Remix.run Logo
tliltocatl 10 hours ago

It might be because XOR is rarely (in terms of static count, dynamically it surely appears a lot in some hot loops) used for anything else, so it is easier to spot and identify as "special" if you are writing manual assembly.

bonzini 2 hours ago | parent | next [-]

Indeed this is the best explanation!

stingraycharles 10 hours ago | parent | prev | next [-]

And helps with SMT

Edit: this is apparently not the case, see @tliltocatl's comment down the thread

tliltocatl 10 hours ago | parent [-]

What's SMT in this context?

recursivecaveat 10 hours ago | parent [-]
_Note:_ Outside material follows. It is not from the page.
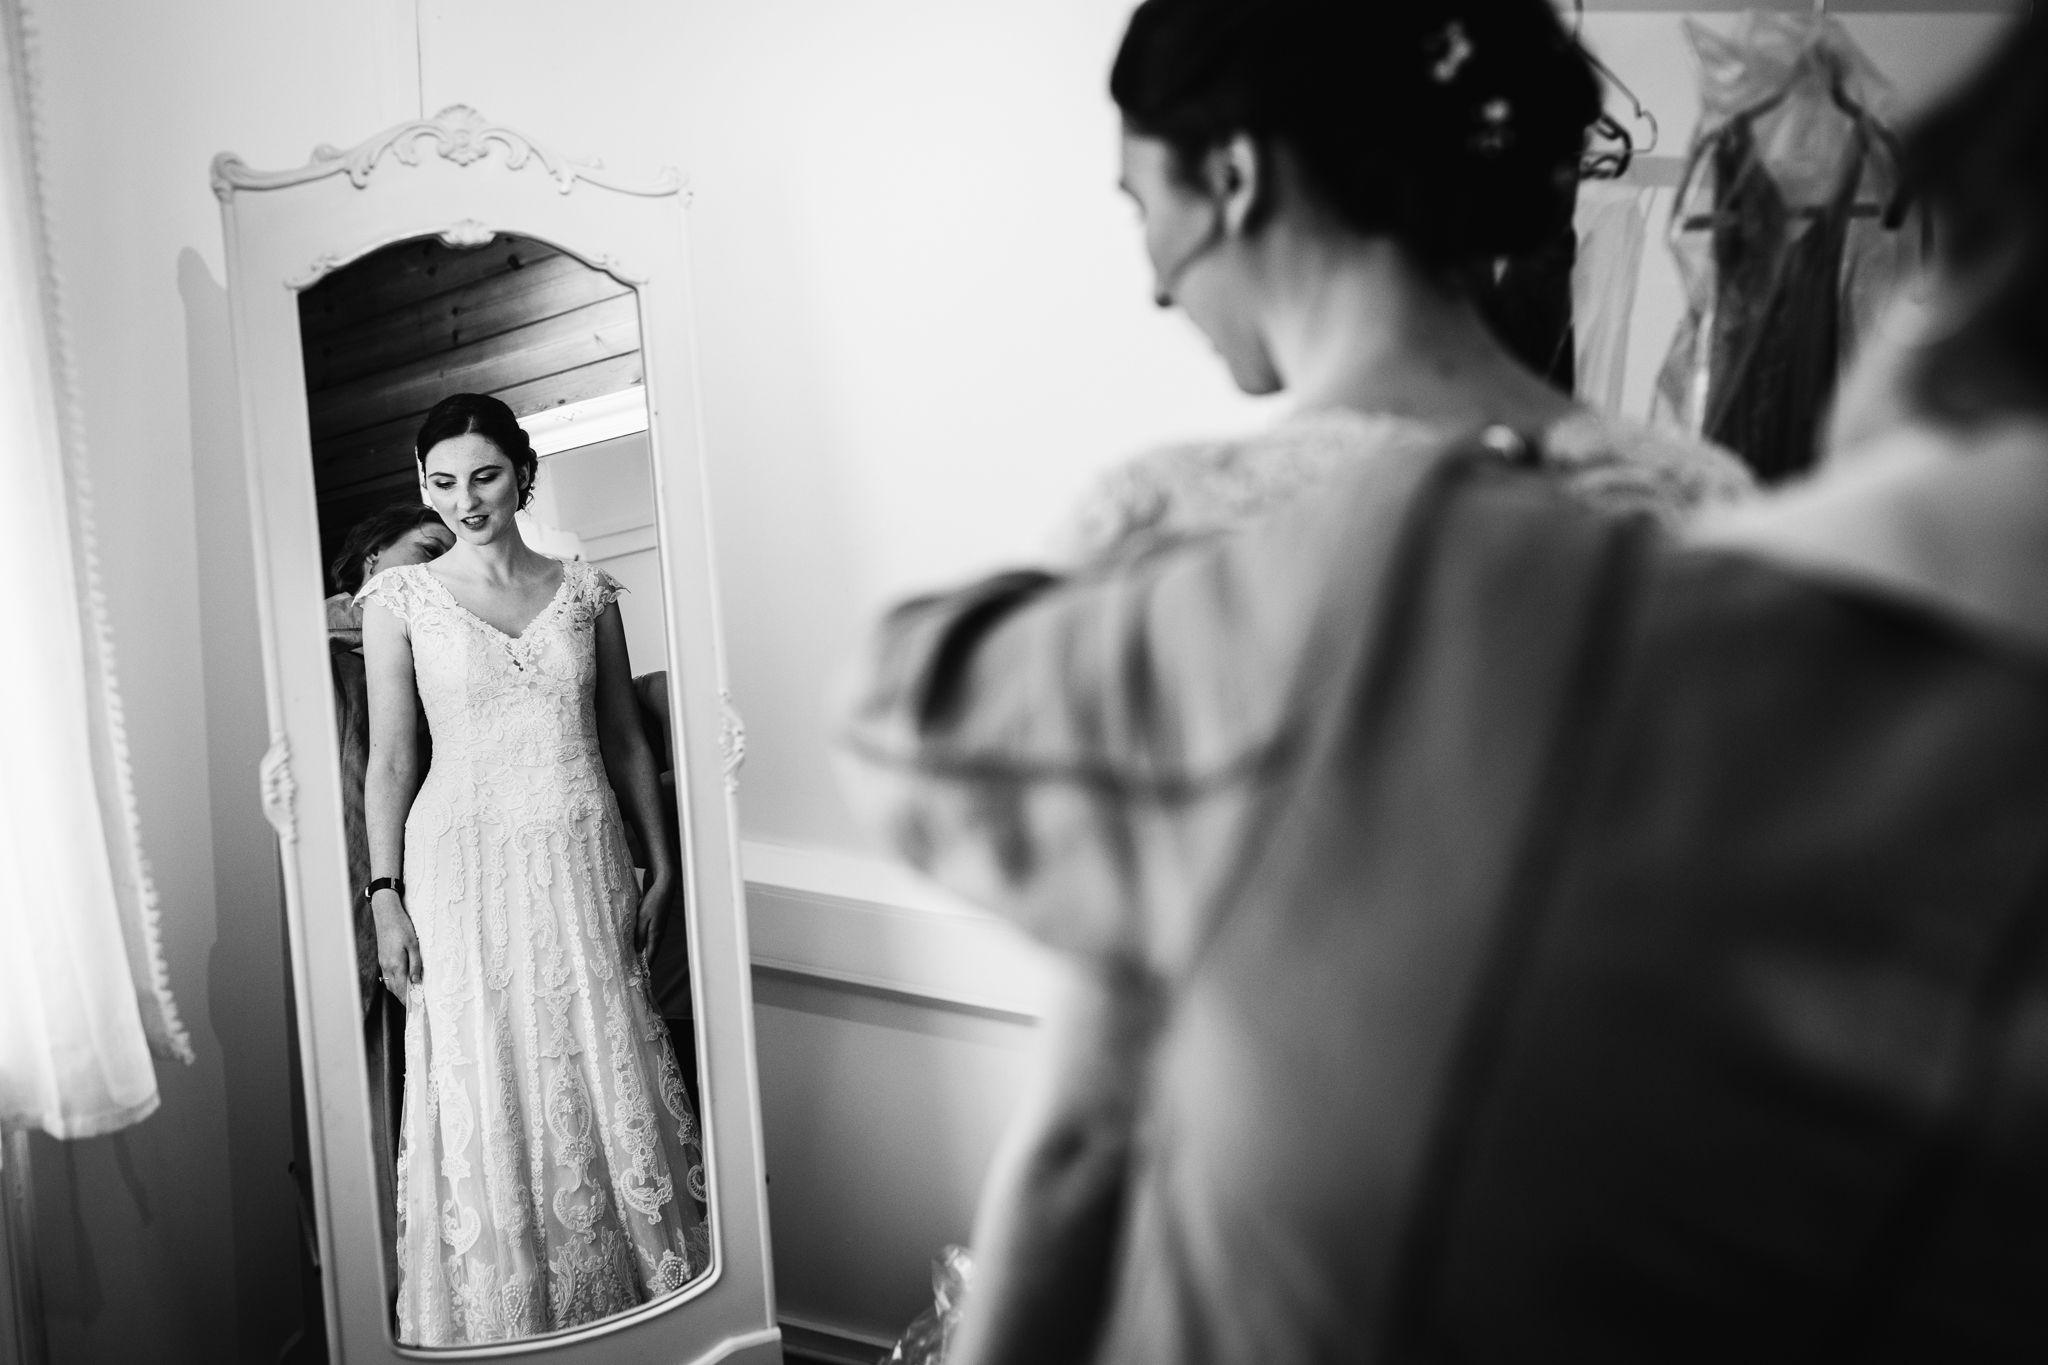 Bride putting on wedding dress in white mirror at Hayne House
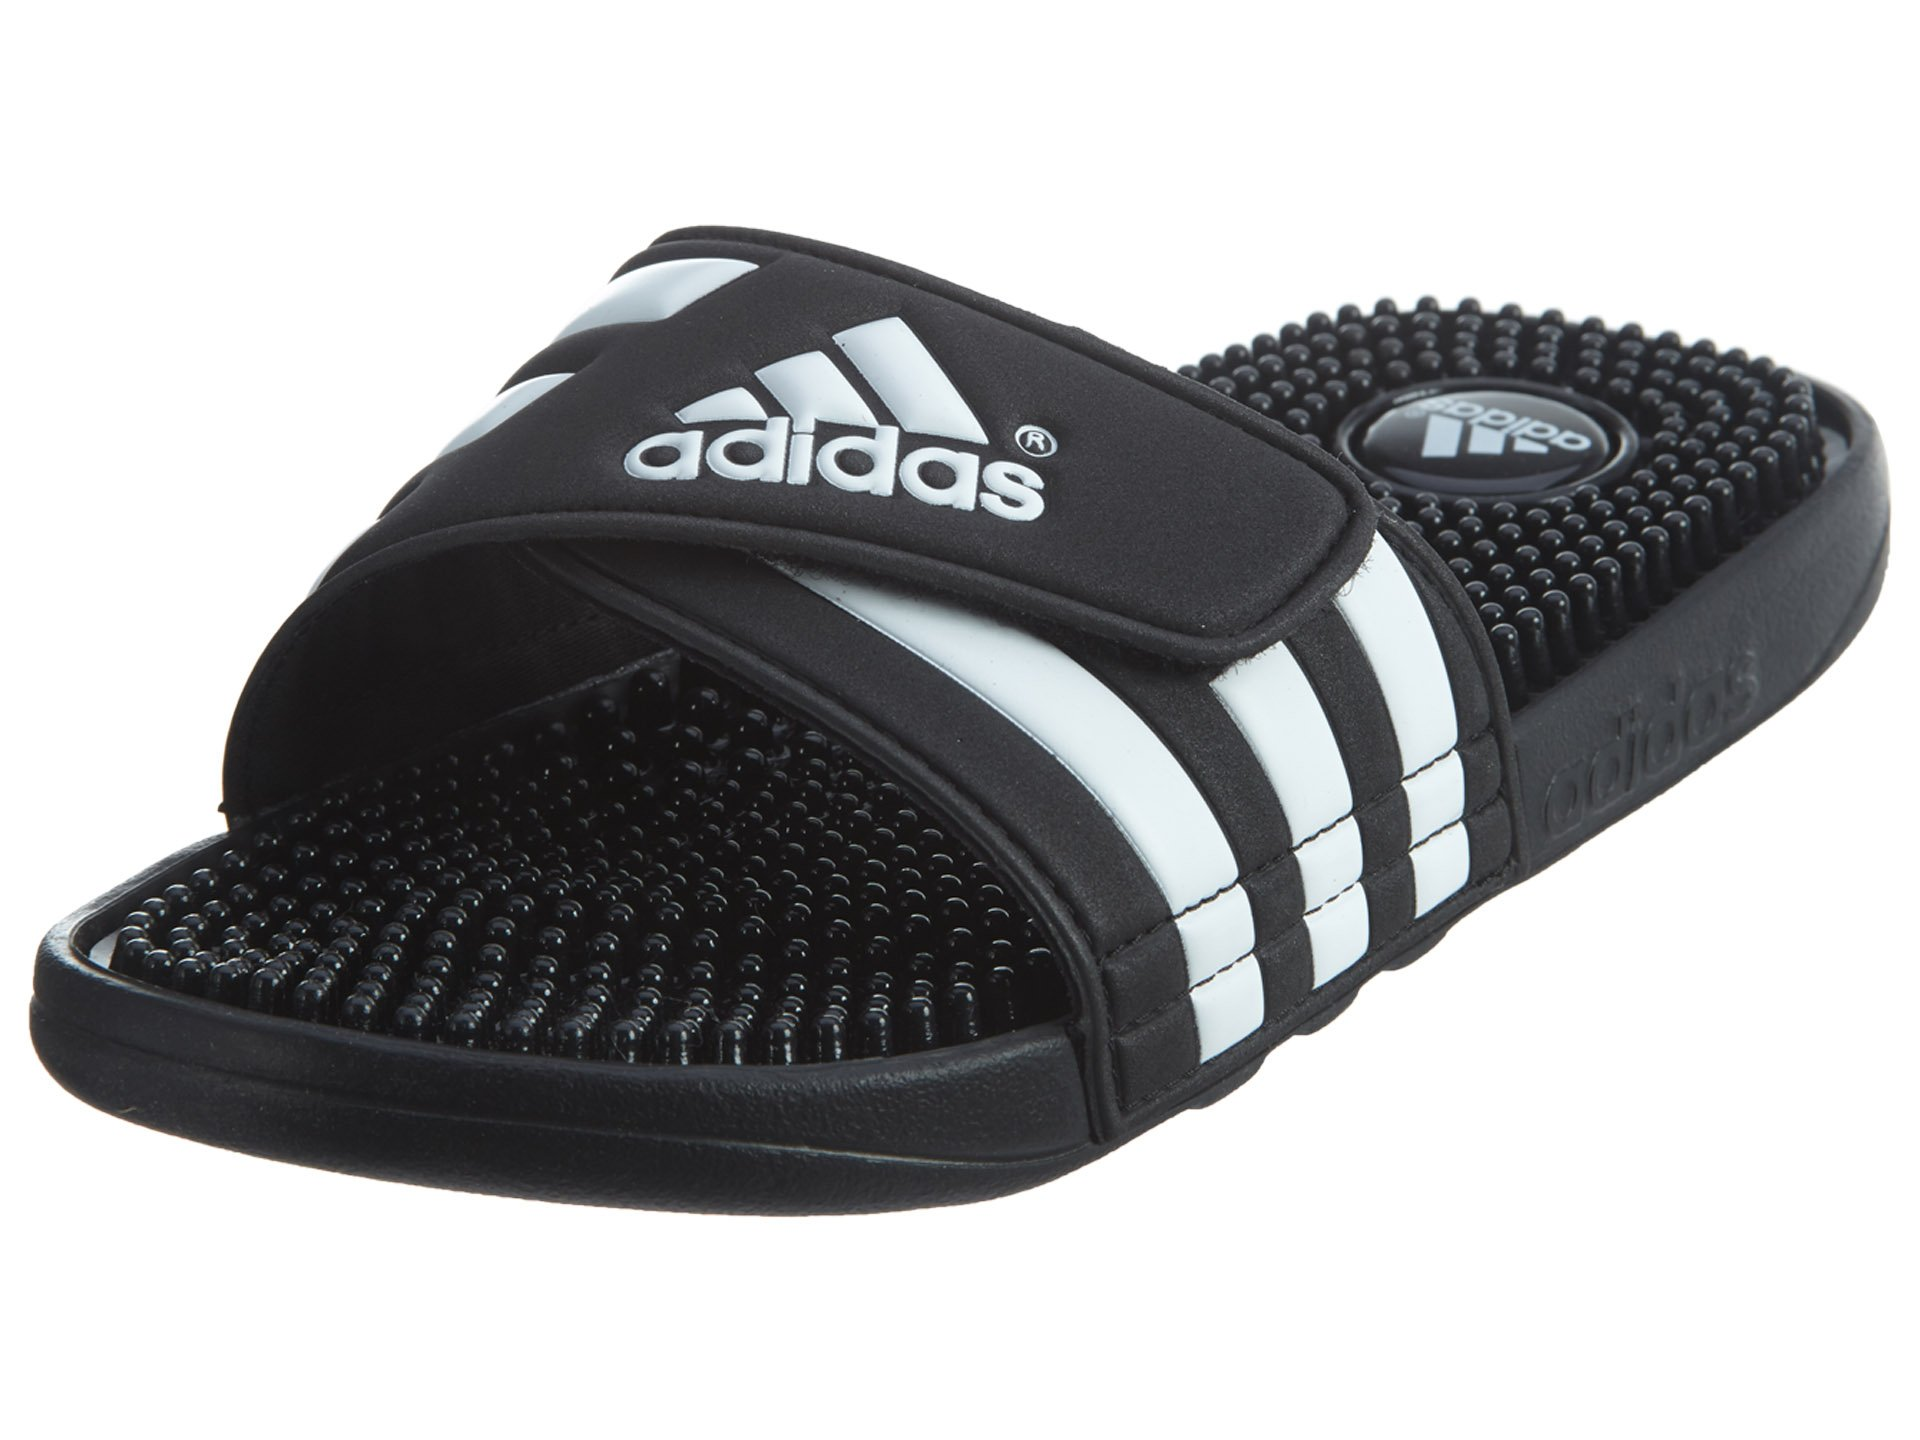 Adidas Adissage Big Kids Style: 078285-BLACK/RUNWHI/BLACKNOIR Size: 3

Simultaneous Multi-Threading (hyper-threading as Intel calls it). I'm not a cpu guy, but I think the ALU used for subtraction would be a more valuable resource to leave available to the other thread than whatever implements a xor. Hence you prefer to use the xor for zeroing and conserve the ALU for other threads to use.

tliltocatl 10 hours ago | parent | next [-]

I don't think that's how it works.

- Normally ALU implements all "light" operations (i. e. add/sub/and/or/xor) in a single block, separating them would result in far more interconnect overhead. Often, CPUs have specialized adder-only units for address generation, but never a xor-specialized block.

- All CPUs that implement hyper-threading also optimize a XOR EAX,EAX into MOV EAX,ZERO/SET FLAGS (where ZERO is an invisible zero register just like on Itanium and RISCs). This helps register renaming and eliminates a spurious dependency.

- The XOR trick is about as old as 8086 if not older.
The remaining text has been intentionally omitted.